2.3.1 Bill 101: the promotion of the French language
With the election of the Parti Québécois in 1976 under the leadership of René Lévesque1 came a renewed attempt at more effective language legislation. The Charte de la langue française ‘Charter of the French language’, the brainchild of Camille Laurin (1922–1999), was tabled early in 1977 as ‘Bill 1’, but withdrawn in the face of fierce opposition from the Liberals, the economic élite, and the anglophone minority. In a second hearing in August, this time under the name ‘Bill 101’, the Charter was passed by the legislature. A major planning and policy instrument, the Charter is divided into six titles, dealing with different elements of language policy.
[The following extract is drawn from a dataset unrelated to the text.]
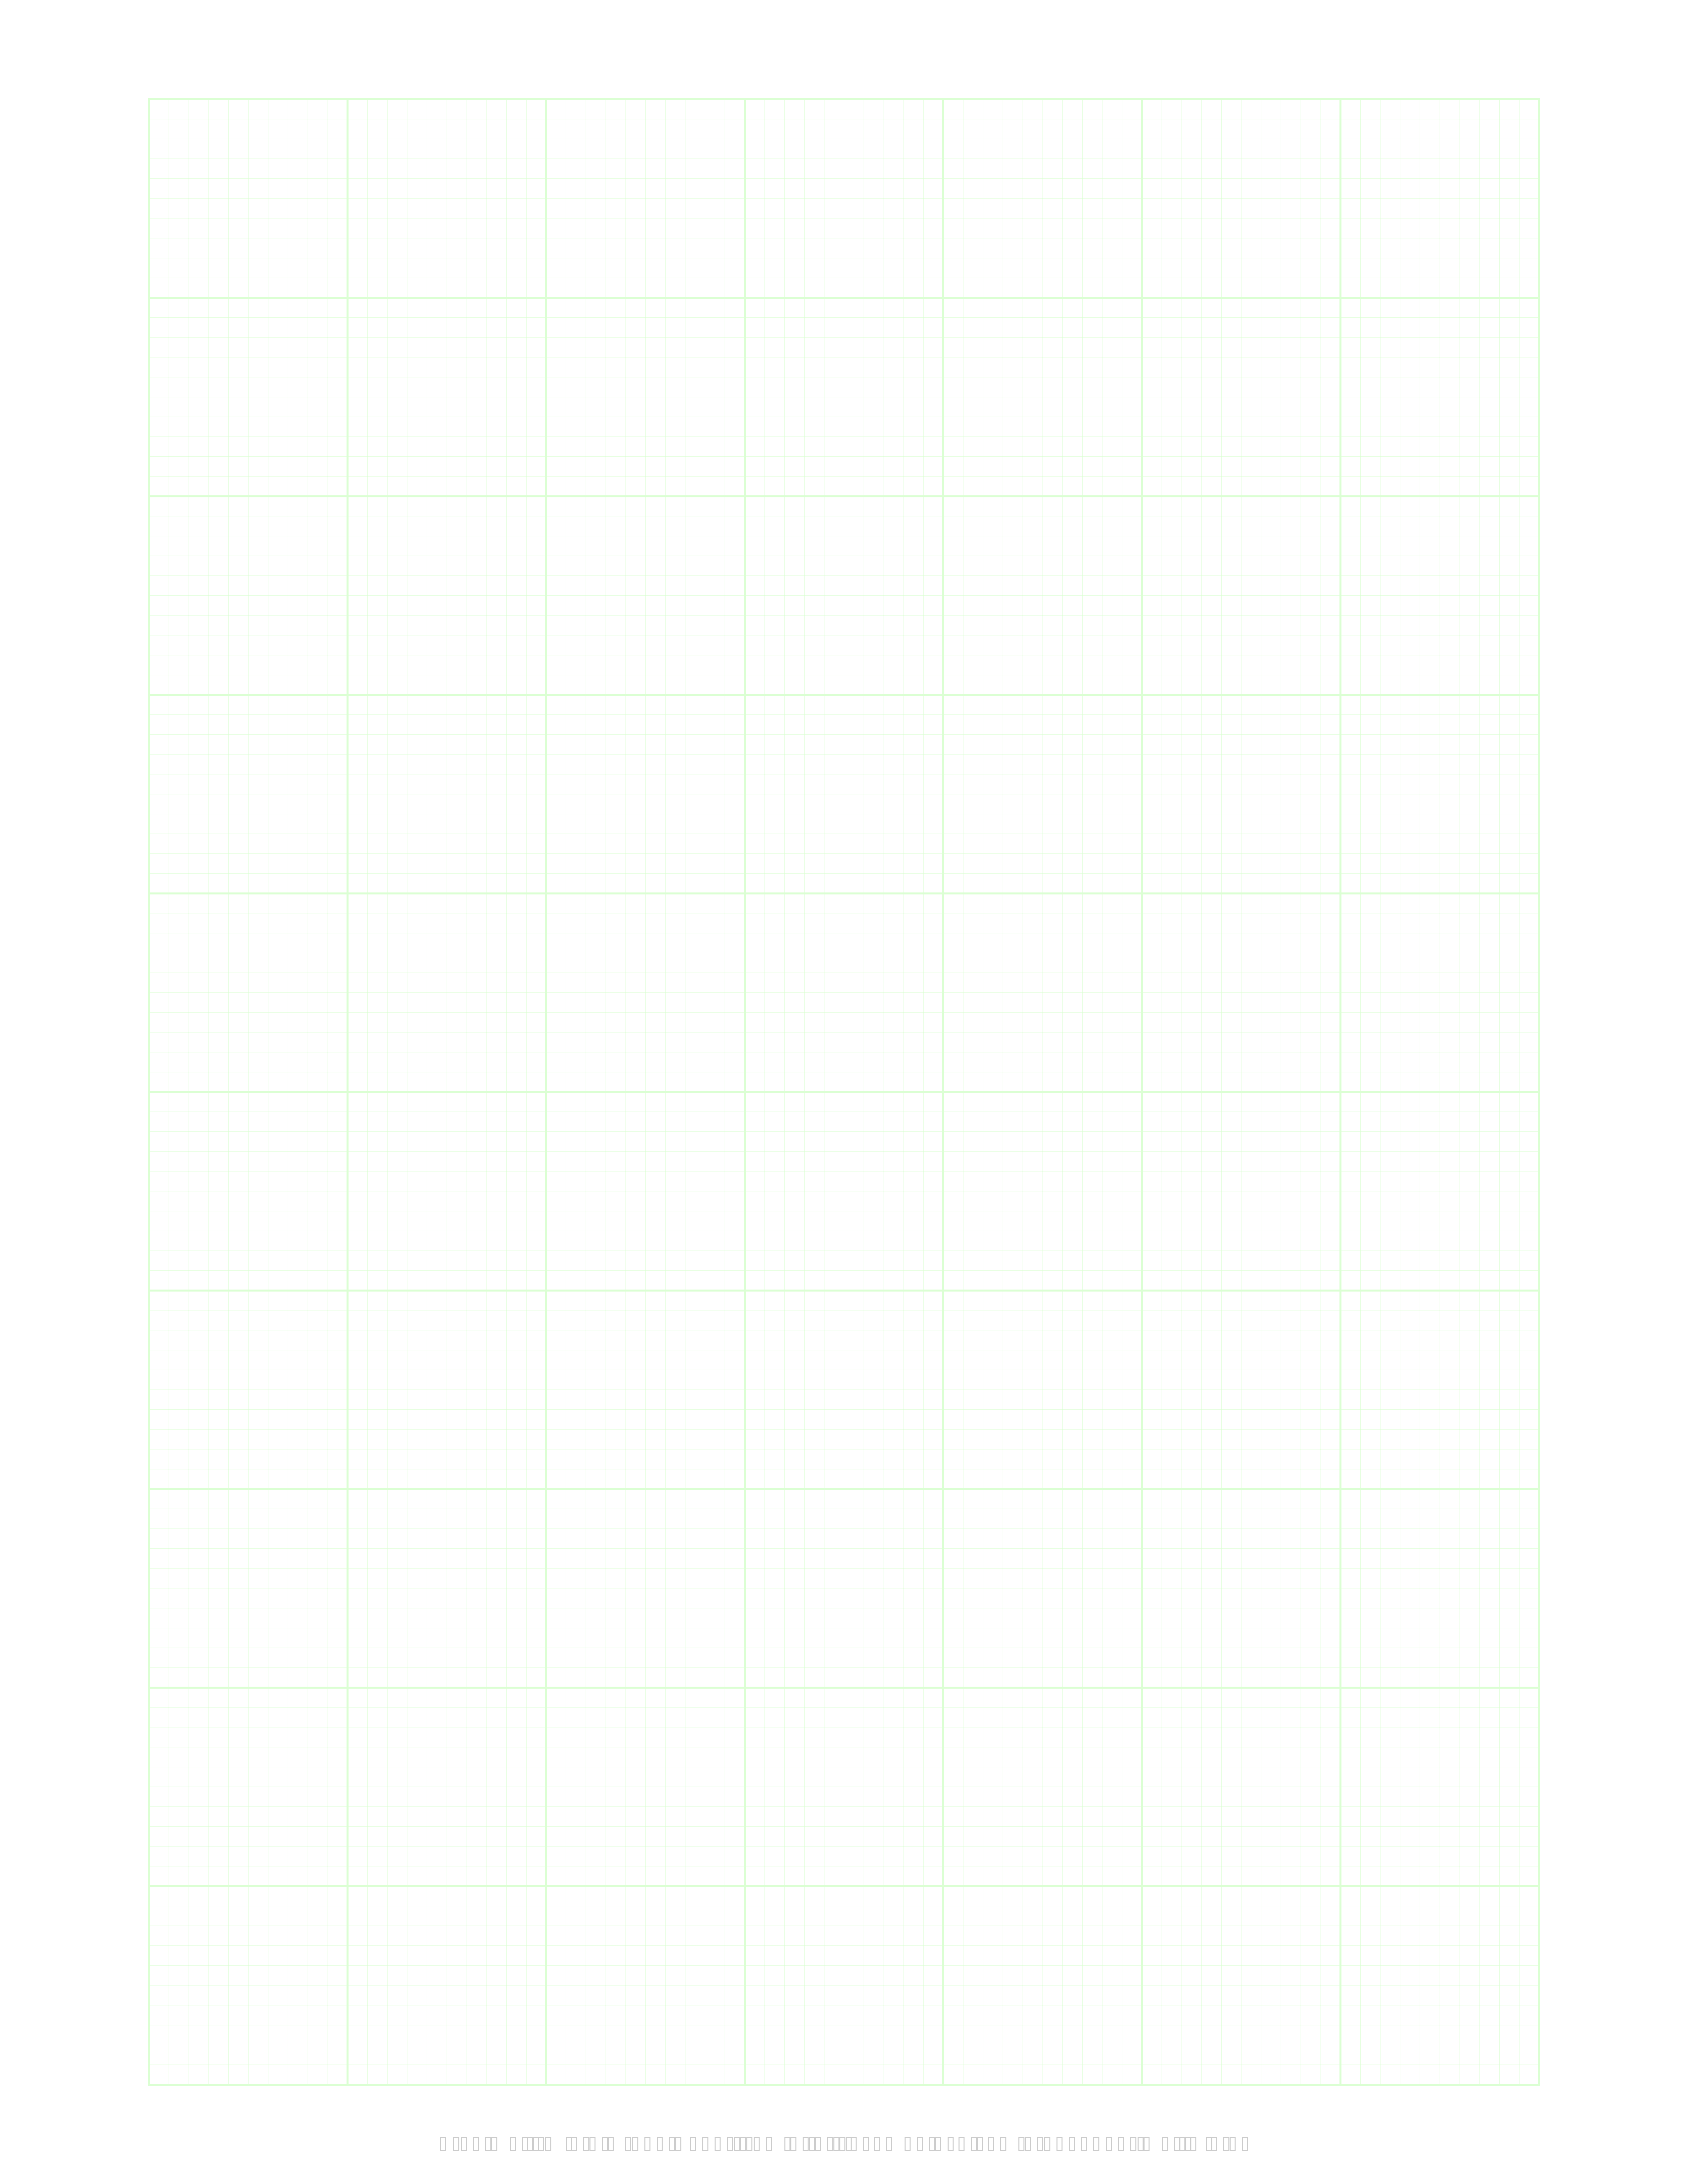 Regular Graph Paper. Grid Paper 1cm Square,Printable Graph Paper 1 ...

Its first title, ‘Status of the French language’, begins with the important provision that ‘French is the official language of Québec’2 (s 1). This first section is, at the same time, its own dedicated chapter. Chapter II lists five ‘Fundamental language rights’: persons have a right to receive government services in French, French may be used in ‘deliberative assembly’, workers have a right to work in French, consumers have a right to receive services in French, and there is a right to education in French. Chapter III deals with ‘The language of the legislature and the courts’: generally, French is to be used, but bills ‘shall be printed, published, passed, and assented to in French and in English, and the statutes shall be printed and published in both languages’ (s 7(1)). French versions of legal texts prevail over their English counterparts only when federal constitutional provisions mandating equal authoritativeness do not apply (ss 7(3), 8). Chapter IV concerns ‘The language of the civil administration’, whose departments, bodies, etc. are designated in French alone (s 14). The administration works and communicates in French, and signage erected by the administration is in French alone (s 22). Exceptions are allowed for health and social services (s 27). Section 29.1 recognises municipalities in which ‘more than half the residents have English as their mother tongue’ and bodies that offer services in these municipalities: this effectively allows for official bilingualism at the municipal level, distinct from the official monolingualism at the provincial level.